Kultur : Talk Talk

Die „Collectors Days“

Nicole Büsing/Heiko Klaas

Kann man ein Tattoo von Douglas Gordon verkaufen, das man auf dem eigenen Rücken trägt? Warum hat Richard Massey aus Miami die Farbe Grau zum Thema seiner Sammlung gemacht? Und wie genau sah die im Westen bis heute fast unbekannte polnische Moderne aus? Wer auf hohem Niveau und in entspannter Atmosphäre über das private Sammeln von Kunst debattieren wollte, der kam zu den dritten „Collectors Days“ im Hotel Castell im schweizerischen Zuoz. Hier trafen sich rund 70 internationale Teilnehmer: Sammler, Galeristen und Kunstinteressierte. Das Hotel Castell, ein burgartiges Grandhotel von 1912, gehört der Zürcher Sammlerfamilie Regula und Ruedi Bechtler. Vor einigen Jahren wurde es behutsam saniert, seine Lobby, die Flure und der Speisesaal sind nun mit Kunst ausgestattet: mit Werken von Carsten Höller, Simon Starling, Roman Signer oder Christine Streuli.
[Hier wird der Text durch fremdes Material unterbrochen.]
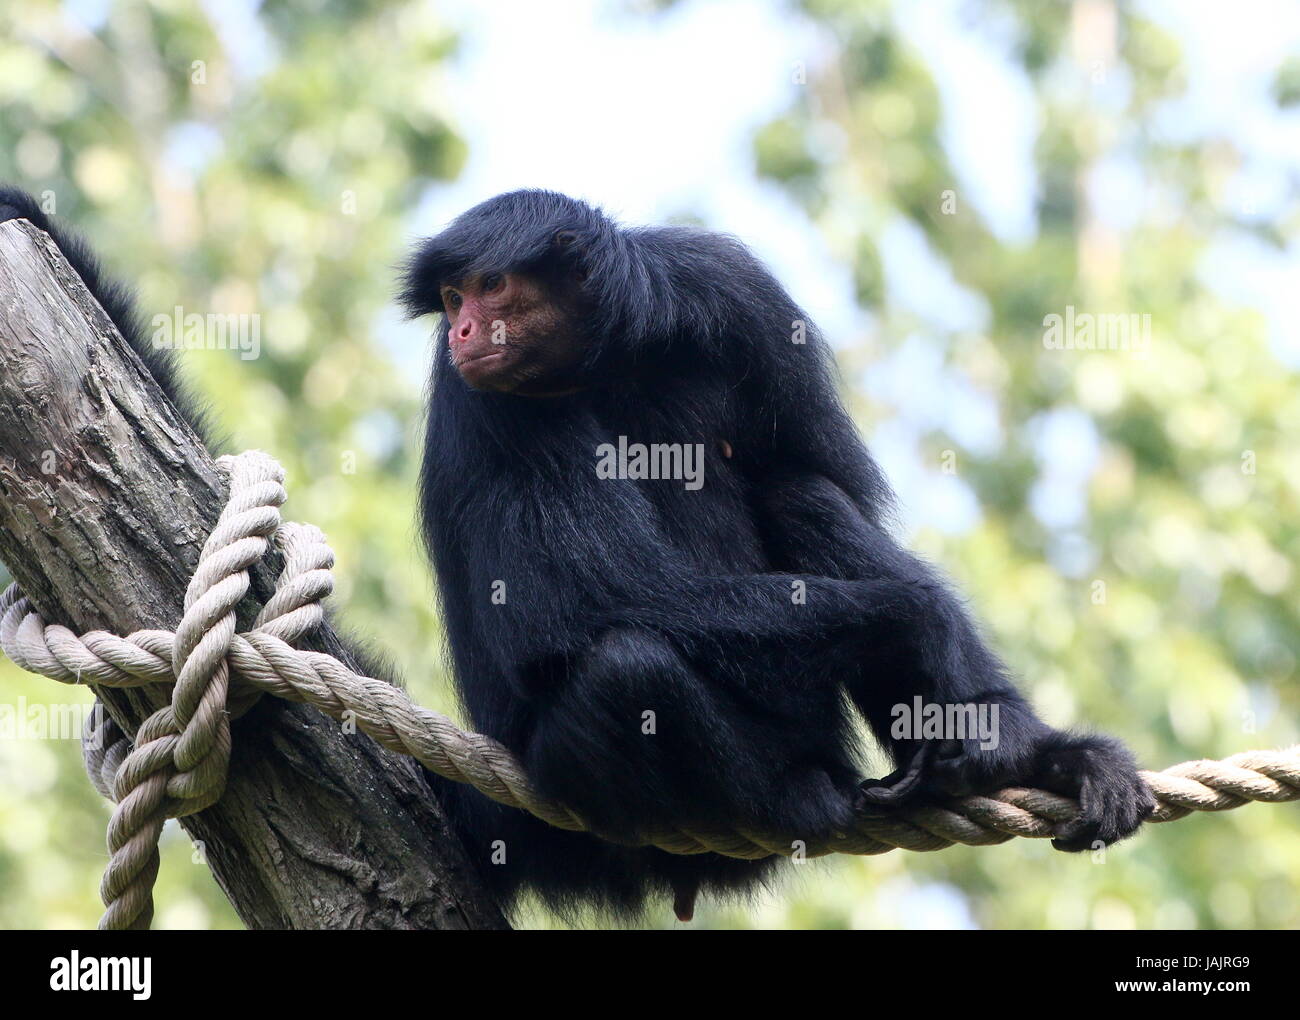 South American Red-Faced Black Spider Monkey (Ateles paniscus) a.k.a. Guiana spider monkey (at Gaia Zoo, Kerkrade, The Netherlands) Stock Photo

Zusammen mit dem Basler Kurator und Kritiker Daniel Baumann hatte Ruedi Bechtler ein anspruchsvolles Programm zusammengestellt: Vorträge im Wechsel mit Exkursionen in die urigen Dörfer der Umgebung. Renommierte Galerien wie Tschudi (Glarus), Monica De Cardenas (Mailand) und von Bartha (Basel) unterhalten hier in anspruchsvoll renovierten Engadiner Bauernhäusern teils spektakuläre Dependancen. Tagsüber traf man sich zu Vorträgen und Diskussionen, während Junggaleristen wie Jean-Claude Freymond-Guth aus Zürich oder Bruce Haines von Ancient & Modern in London ihre Programme vorstellten. Der niederländische Schriftsteller Oscar van den Boogaard berichtete von seiner Galeristentätigkeit mit jungen Brit-Art-Künstlern in den Neunzigern, sein Douglas-Gordon-Tattoo „Guilty“ sorgte für Diskussionen. Niels Staerk aus Kopenhagen präsentierte skandinavische Newcomer, engagierte Sammler wie das junge Warschauer Ehepaar Kasia und Pawel Prokesz erzählten von ihrem kontinuierlichen Sammlungsaufbau.

Zuoz ist nicht St. Moritz: Bei den „Collectors Days“ wird nicht geprotzt und geklotzt. Kein Austausch über Preise, kein müßiges Spekulieren über die Kunstmarktblase. Der Inhalt und die Ästhetik der Kunst stehen im Vordergrund. Neue Namen werden offen ausgetauscht, abseitige Entdeckungen und Sammelstrategien preisgegeben, umstrittene Positionen lebhaft diskutiert. Schweizerische Bescheidenheit und der erklärte Wille zur Entschleunigung stehen im Vordergrund. Abseits der Hektik immer neuer Kunstmessen und Vernissage-Wochenenden konzentriert man sich auf das Wesen der Kunst und künstlerisches Denken. Für die vierten „Collectors Days“ planen Bechtler und Baumann eine Öffnung für breitere Kreise: Kunstliebhaber sollen im nächsten Jahr auch dann teilnehmen dürfen, wenn sie keine expliziten Sammler sind. Nicole Büsing/Heiko Klaas

Die 4. Collectors Days finden im September 2009 statt: www.hotel-castell.ch.